By Monique Bouffé
#ECHR #Torture #Guantanamo #HumanRights
Last month, the ECHR (European Court of Human Rights) rejected Poland’s appeal of al-Nashiri v. Poland and Abu Zubaydah v. Poland for the Grand Chamber to rehear the entire case. This is a fundamental step for the protection of human rights with regard to the rule of law and torture, and shows the Court beginning to extend, if unintentionally, its influence outside of the scope of the Council of Europe.
These cases in question concern Poland’s assistance of the United States’ ‘High-Value Detainees Programme’, by allowing CIA agents to abduct suspects, secretly and forcibly transfer the applicants across borders to secret detention centres, where they were subsequently detained and tortured for information on Al Qaeda and the Taliban. This was done to at least 136 persons without any access to legal counsel, family or friends and without any information or knowledge of when, or if, they might be released. Both applicants in question are still detained indefinitely in Guantanamo Bay without charge.
The substance of these programmes and methods listed in the declassified CIA Report are shocking to many, but what perhaps is more shocking is how countries that have acceded to the ECHR have allowed them to happen within their borders. Some of the ‘methods’ utilised by the CIA to obtain information include ‘walling’, where the person is pushed backwards into a false wall, cramped confinement, sleep deprivation (which is to last ‘no longer than 11 days at a time’) and the infamous waterboarding, where the detainee has a cloth placed over his/her mouth and nose whilst water is poured onto the cloth, producing the sensation of drowning and suffocation.
These are used amongst many other ways of interrogation, designed to mentally and physically harm the person without causing visible damage. 54 States have actively participated in this programme, whether is it providing detention centres, allowing transfer in or out of their territory, providing information on suspects, or other means. Many other States have participated in more passive ways. We see yet another example of law being outrageously breached by the political concerns of the United States, completely disregarding the basic fundamental rights of human beings over whom it has no territorial or national jurisdiction.
The vast majority of us may be thankful that the prohibition of torture is perhaps the most inviolable of all rights. Not only is it codified in six separate Conventions, it is a recognised peremptory norm of the international community. Regardless, this primitive and grotesque instrument continues to be used, even where it has been deemed completely ineffective. When well-established law is trumped by political considerations – as it so frequently is when the need for justice matters most – lawyers may hang their heads in despair as international law is increasingly accused of being ineffectual. If in this case the United States is Goliath, international law appears to have misplaced its sling.
This is why the ECHR has an increasingly global role to play. The Court in the joint cases against Poland is not only condemning Poland’s participation, but is condemning the actions of the CIA as illegal. The binding nature of these judgements forces States to comply with their human rights obligations over political delicacies with the United States. Compliance does not just mean a lack of interference, but establishes a duty to enact appropriate measures, whether they be legislative, judicial, administrative or educative, to ensure the protection of all persons within its territory. Even if the international legal community cannot force the United States to comply with its human rights obligations, it can attempt to isolate these violations to as few states, and as few people, as possible.

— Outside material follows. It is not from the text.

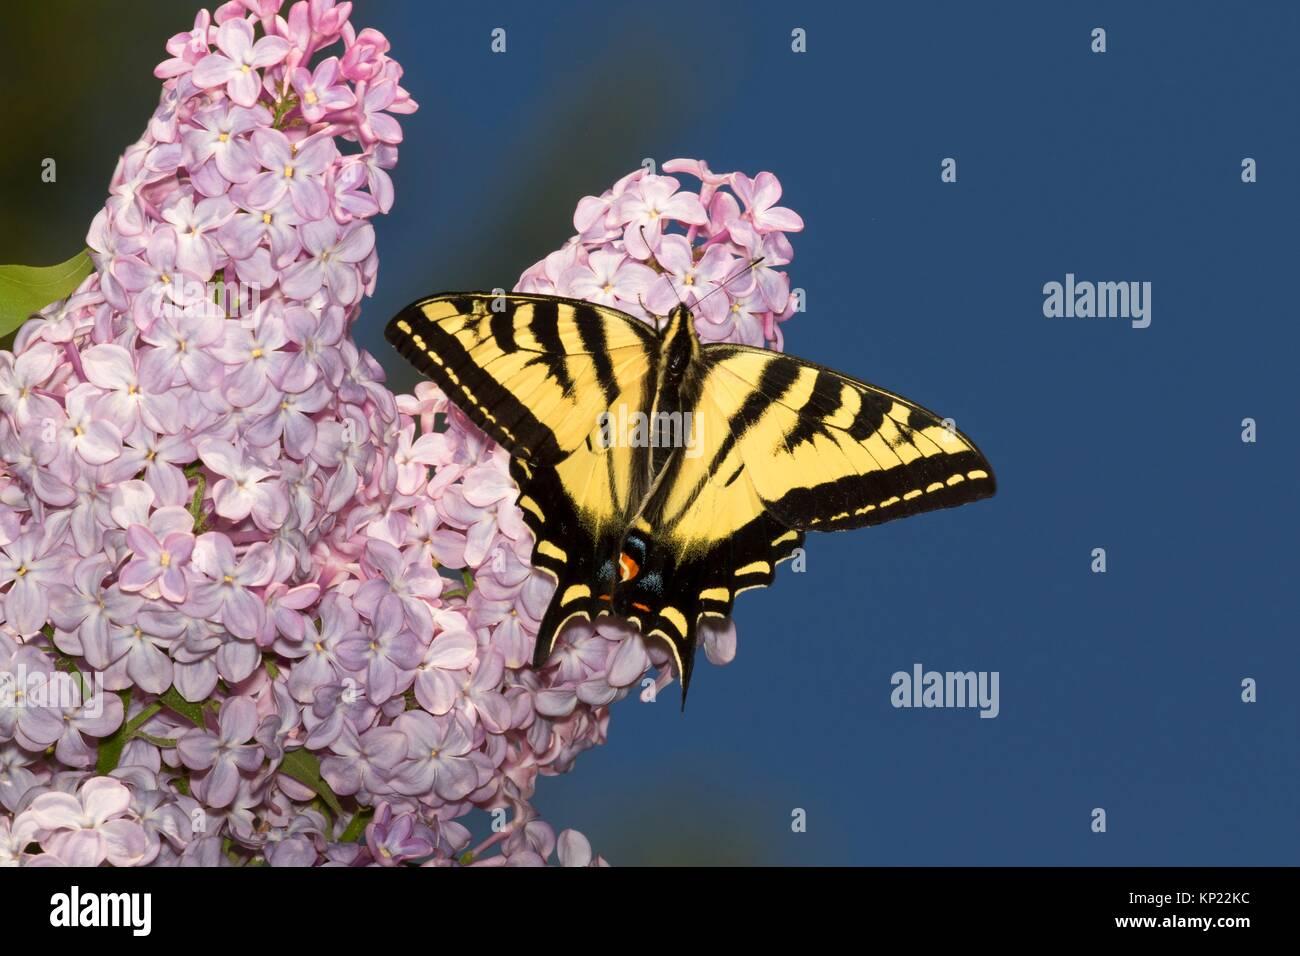 Swallowtail butterfly on lilac, Kootenai National Wildlife Refuge, Idaho. - Stock Image

There are logistical problems with this that cannot be overlooked – namely that a single triumphant judgement can only have a limited external consequences. In order to have a significant impact the Court has to adjudicate over individual complaints against individual States. For example, Abu Zabedah’s legal team have also won a case in the ECHR against Lithuania on similar grounds. A judgement against one State cannot force another to pay reparations to victims is has responsibility for- but it may begin to outline a clear rule that the Extraordinary Rendition Programme is disgraceful, both legally and morally (if, apparently, that was not obvious before). These States, however, may give a second thought to their legal obligations when complying with the imposing requests of the United States.
There are not many ways in which, on a global scale, one can envisage certain human rights commitments triumphing over international political considerations. The ECHR last week offered us a glimpse of well needed hope that law is capable of buffering political hegemony. Whether this will have tangible long term consequences for the global avocation of human rights and dignity, one can only wait and see- perhaps not with baited breach, but with renewed confidence.
Monique Bouffé is a LLM student in Leiden University studying Public International Law. Her interests include the status of internally displaced persons in non-international armed conflict and the protection of refugees resulting from environmental crises. After her degree she intends to work for a non-governmental organisation giving legal aid to refugees and putting pressure on States to comply with their non-refoulement obligations. In her spare time she enjoys travelling and occasionally plays the guitar in her local restaurants in The Hague.